• _GIVEN MATERIAL_:
────────────────────────────────────────

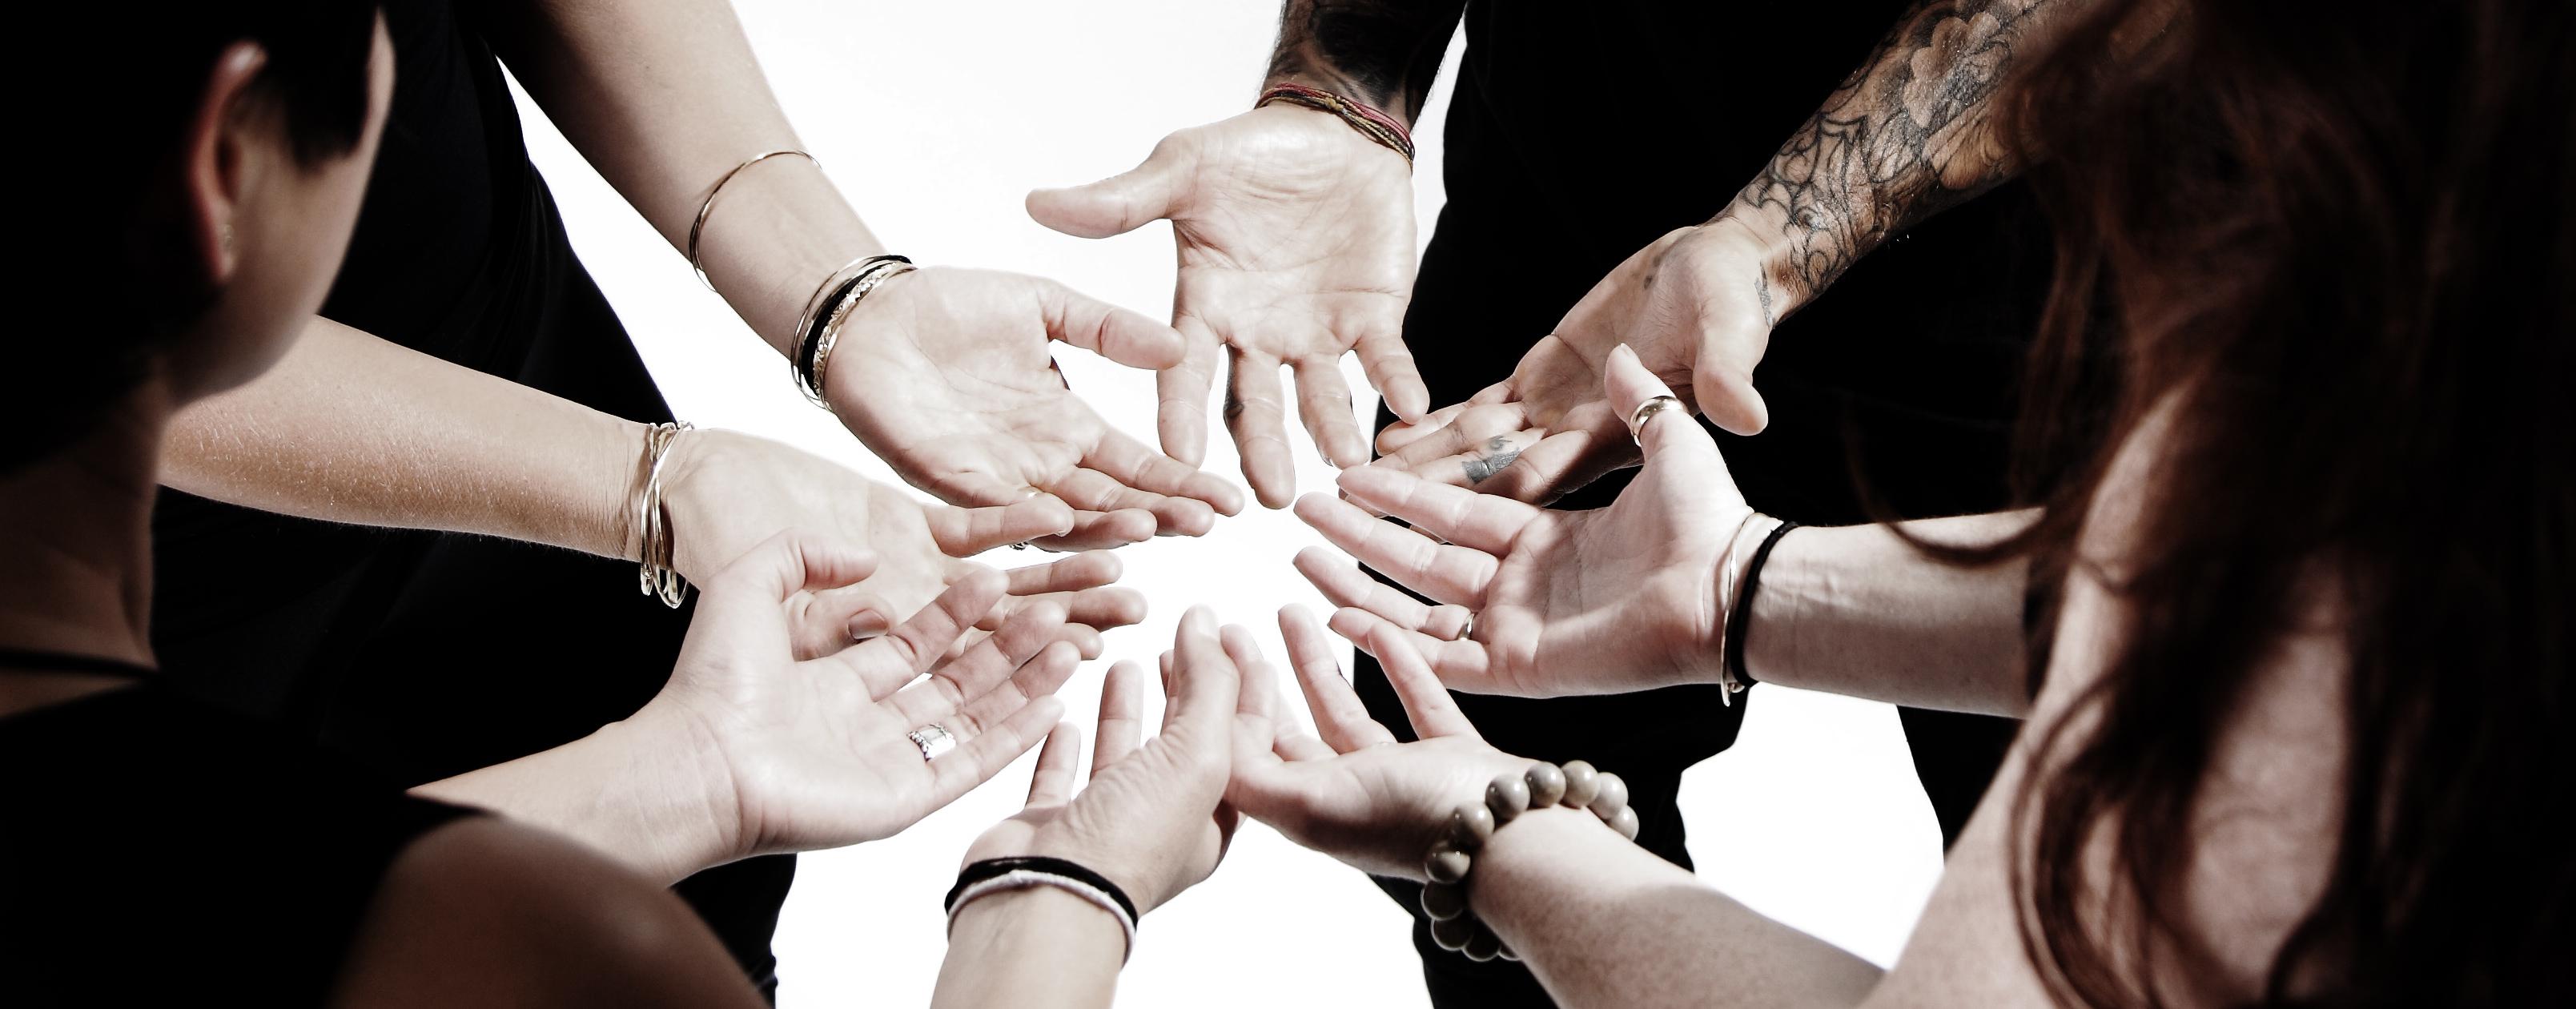 576_hands
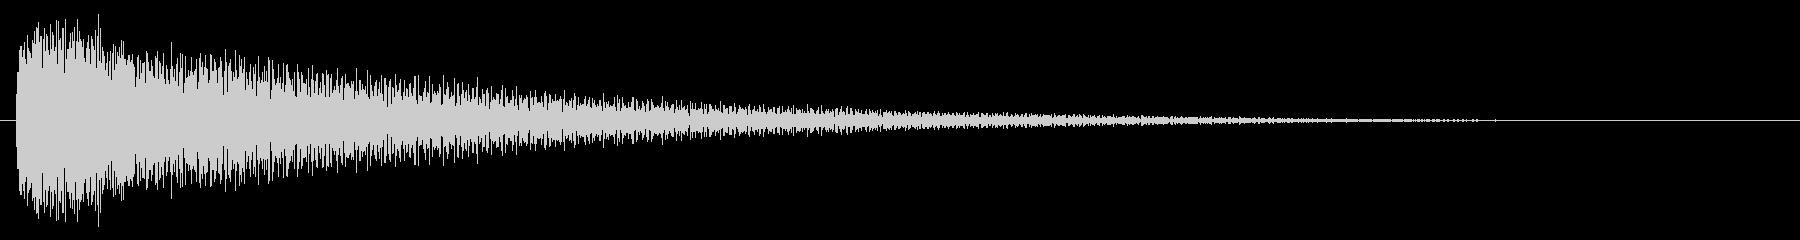 キラ~ン (魔法をかけたような決定音)の未再生の波形
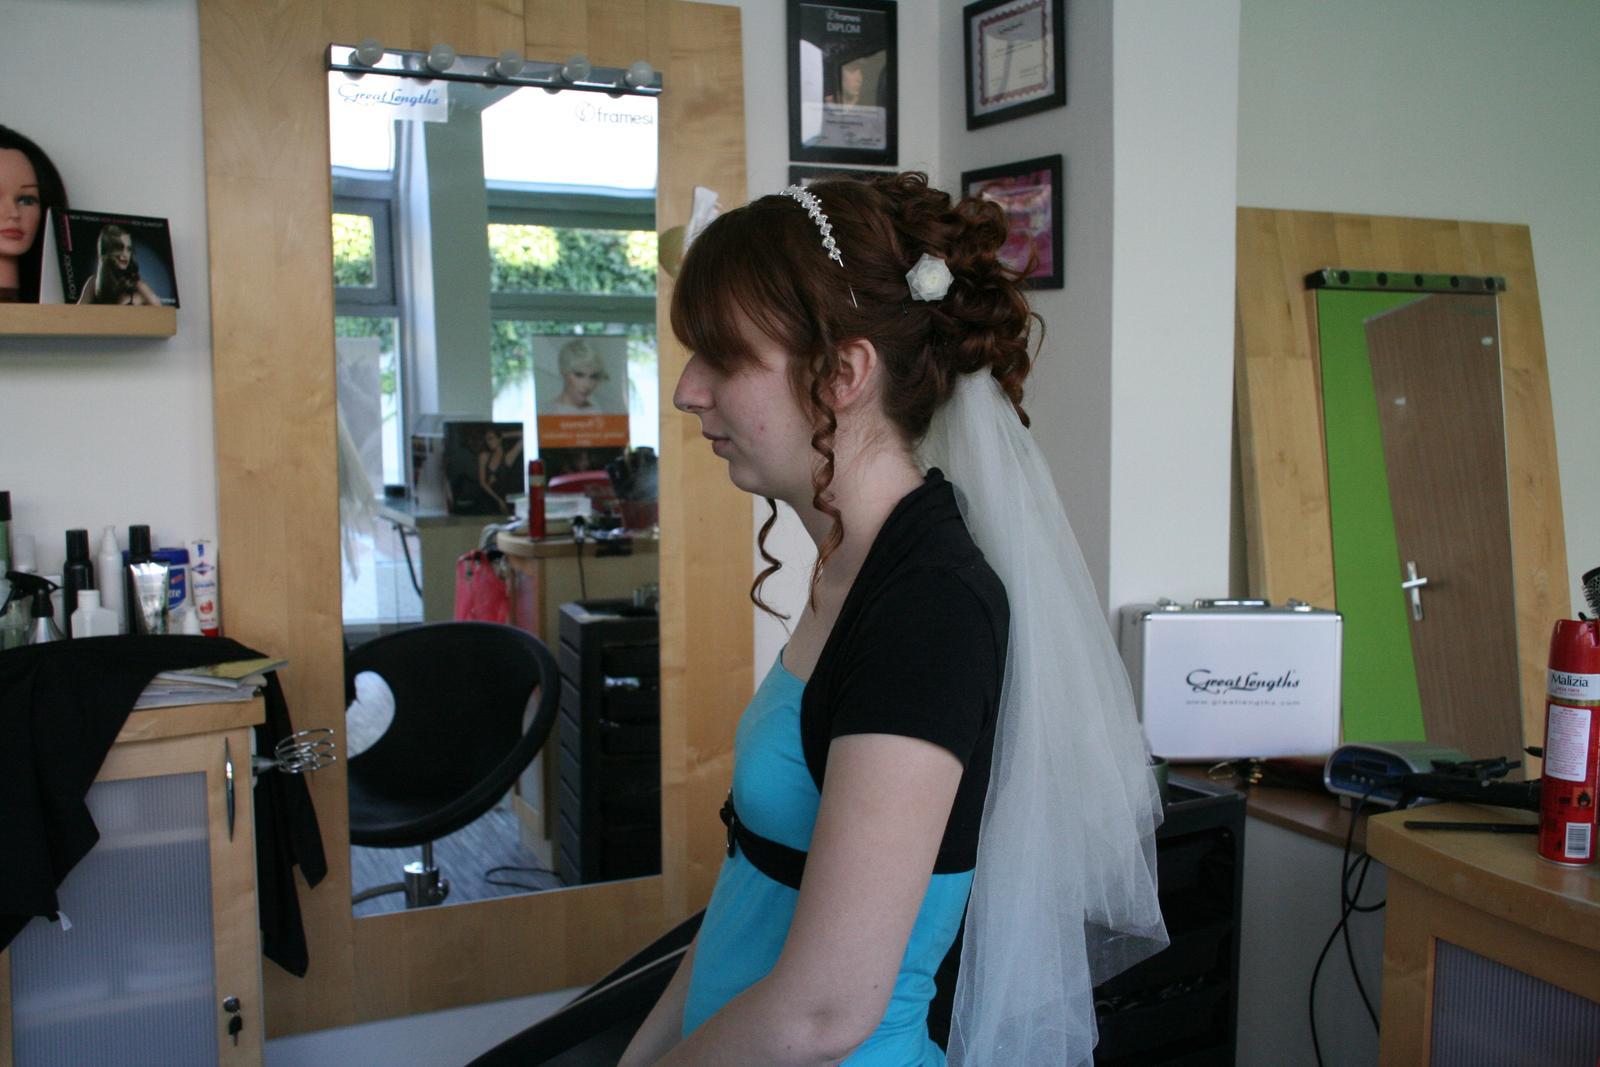 Naše svatba - Zkouška účesu. Vlny v obličeji jsme volili nakonec volnější a větší.

────────────────────────────────────────

The required output is every line of the data above, set down exactly and stripped of pictures.

• _REPLY_:
 576_hands
 キラ~ン (魔法をかけたような決定音)の未再生の波形
 Naše svatba - Zkouška účesu. Vlny v obličeji jsme volili nakonec volnější a větší.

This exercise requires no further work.